As discussed in the engineering weekly, not a 4.9 blocker. Moving it out.
(In reply to Orit Wasserman from comment #18) > (In reply to Jilju Joy from comment #17) > > I replaced fio with dd. Usage is now showing correctly. Not sure how this is > > dependent on the application > > It seems the data was not synced and is still cached on upper layer and was > not written to the Ceph cluster. > Was there any change in the fio command? > You can call fsync after the fio command to force the data to be synced. This fio command given in comment #14 is used in many automated test cases in ocs-ci. Just the size and runtime will be different in each test. This parameter --end_fsync=1 is to perform sync after the completion of I/O. I did it manually as well.
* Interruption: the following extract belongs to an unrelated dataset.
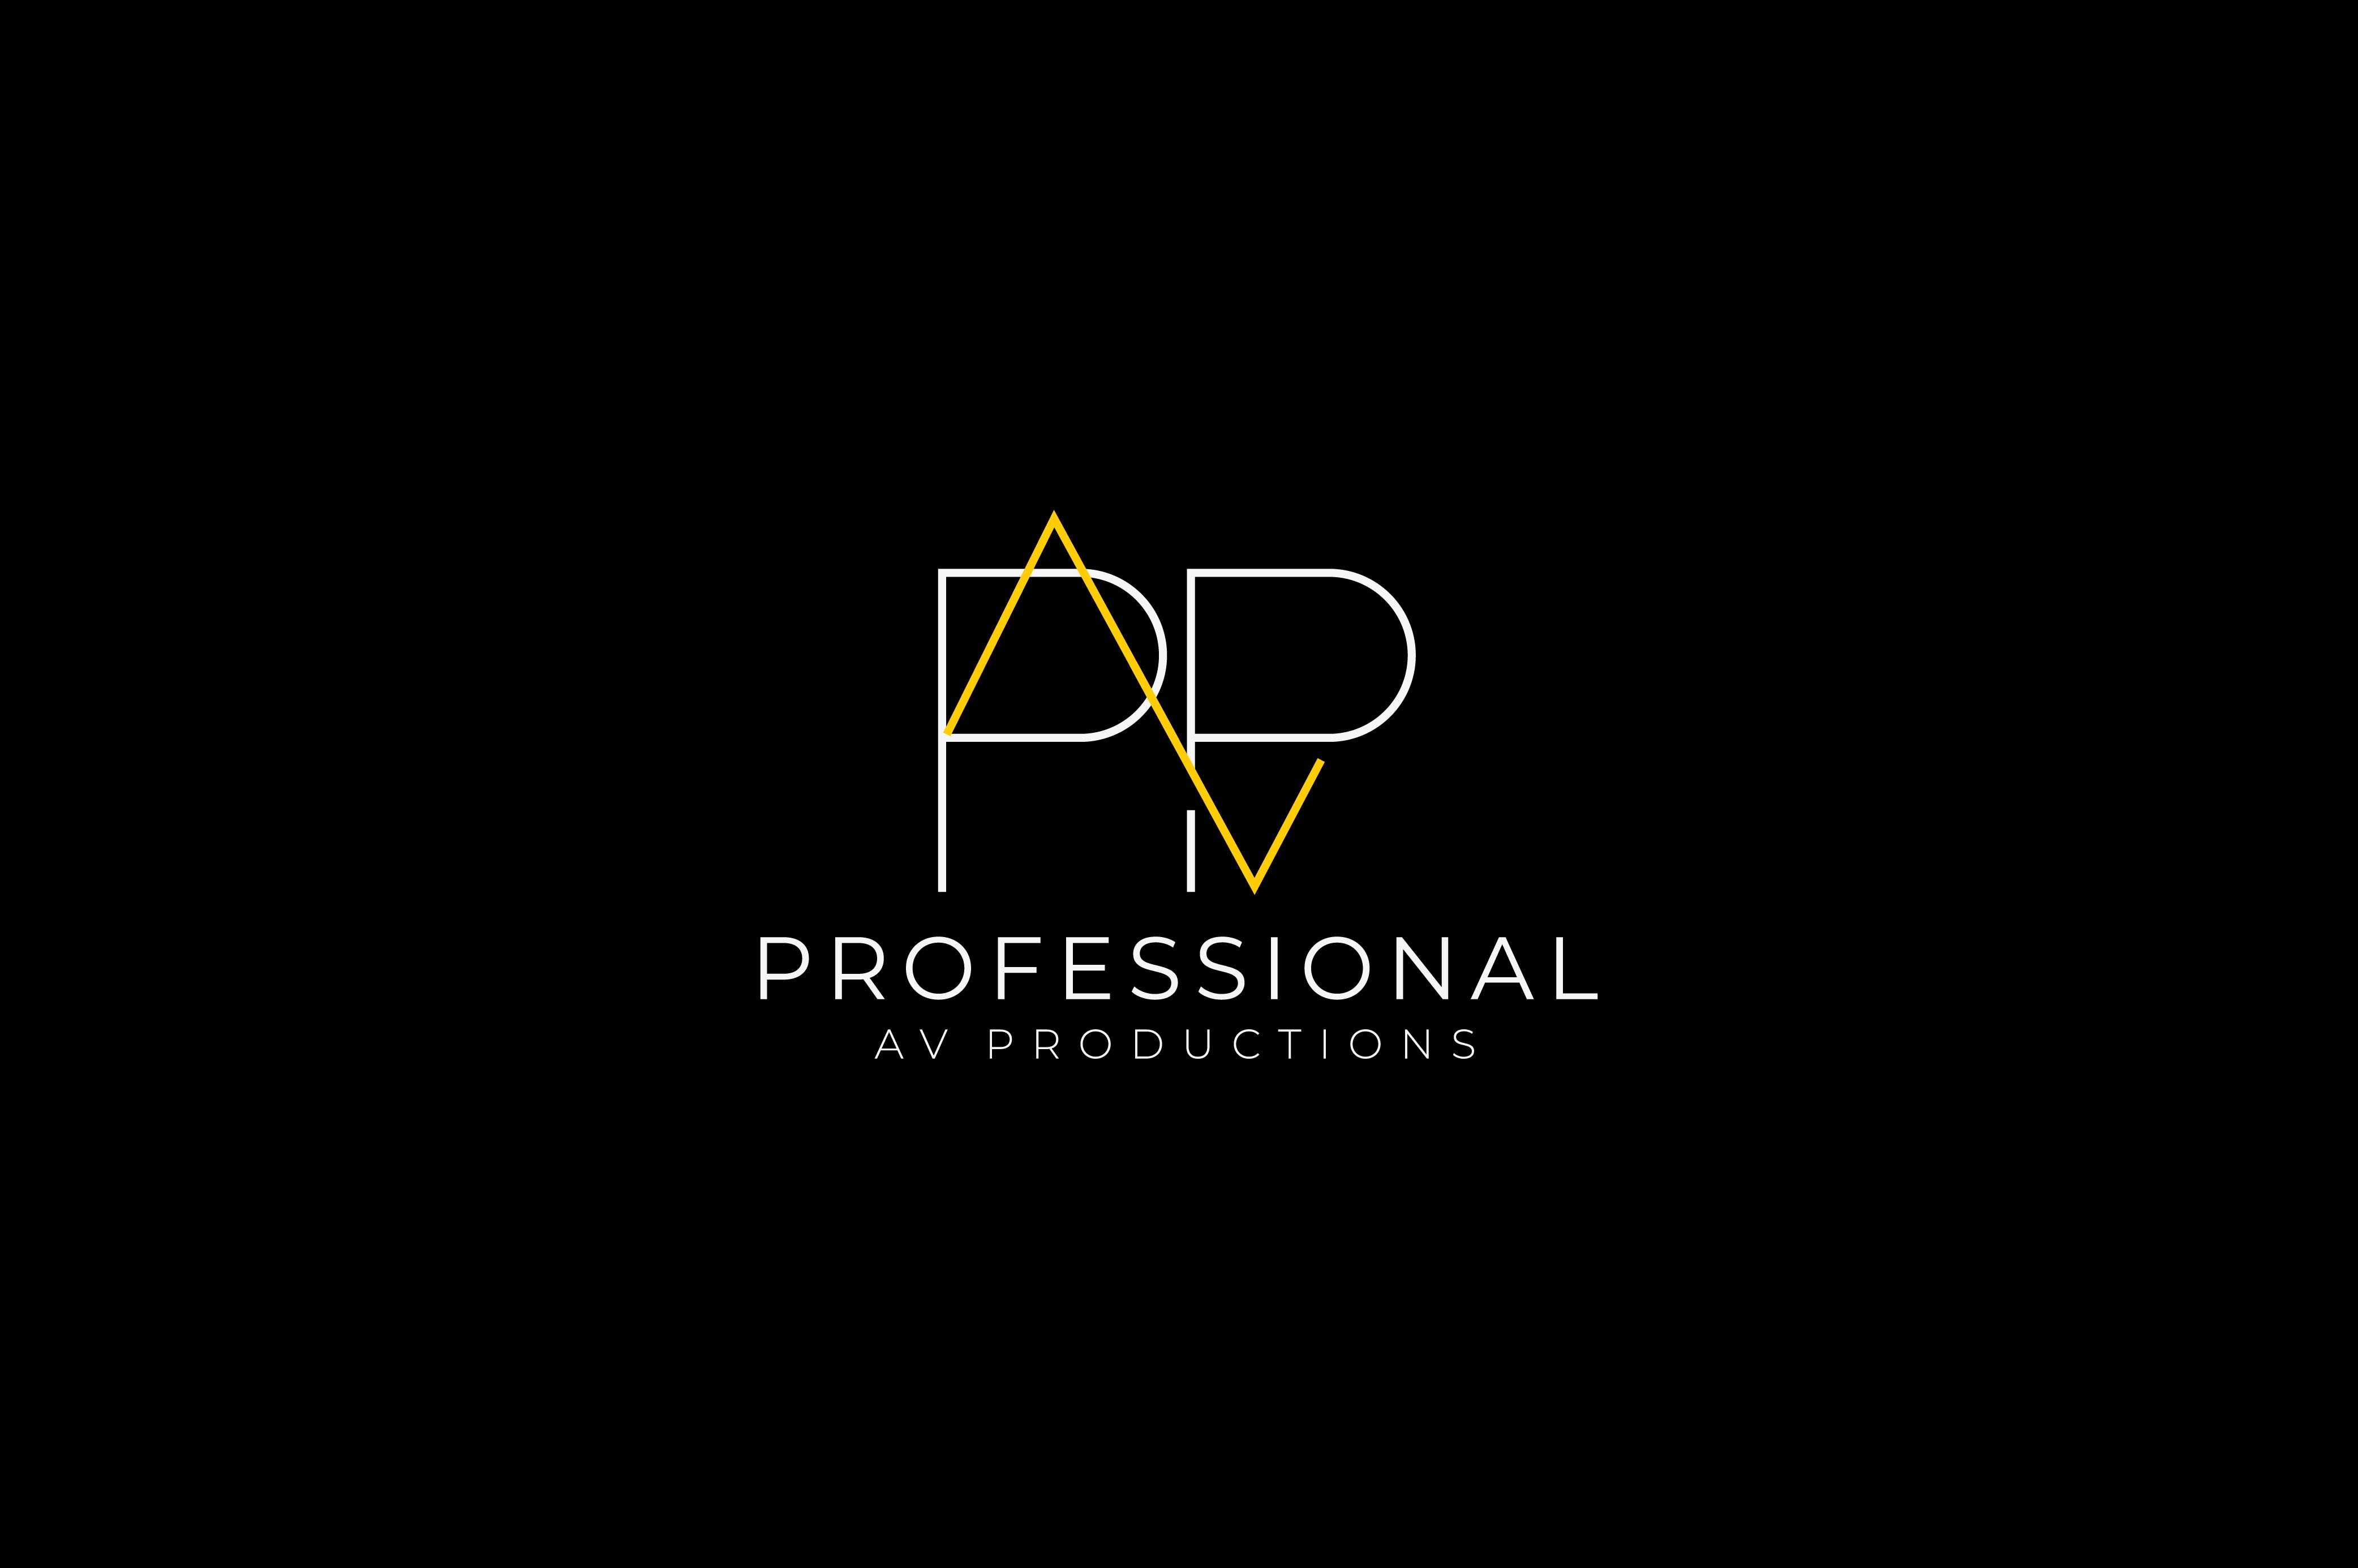 Professional AV Productions

(In reply to Jilju Joy from comment #20) > (In reply to Orit Wasserman from comment #18) > > (In reply to Jilju Joy from comment #17) > > > I replaced fio with dd. Usage is now showing correctly. Not sure how this is > > > dependent on the application > > > > It seems the data was not synced and is still cached on upper layer and was > > not written to the Ceph cluster. > > Was there any change in the fio command? > > You can call fsync after the fio command to force the data to be synced. > > This fio command given in comment #14 is used in many automated test cases > in ocs-ci. Just the size and runtime will be different in each test. This > parameter --end_fsync=1 is to perform sync after the completion of I/O. I > did it manually as well. Did you see the same issue when manually running fsync after fio?
(In reply to Orit Wasserman from comment #21) > (In reply to Jilju Joy from comment #20) > > (In reply to Orit Wasserman from comment #18) > > > (In reply to Jilju Joy from comment #17) > > > > I replaced fio with dd. Usage is now showing correctly. Not sure how this is > > > > dependent on the application > > > > > > It seems the data was not synced and is still cached on upper layer and was > > > not written to the Ceph cluster. > > > Was there any change in the fio command? > > > You can call fsync after the fio command to force the data to be synced. > > > > This fio command given in comment #14 is used in many automated test cases > > in ocs-ci. Just the size and runtime will be different in each test. This > > parameter --end_fsync=1 is to perform sync after the completion of I/O. I > > did it manually as well. > > Did you see the same issue when manually running fsync after fio? sync command was executed. Used size did not change to actual even after running sync.
Doesn't look like there is an issue with ceph as it works with dd but fails with fsync.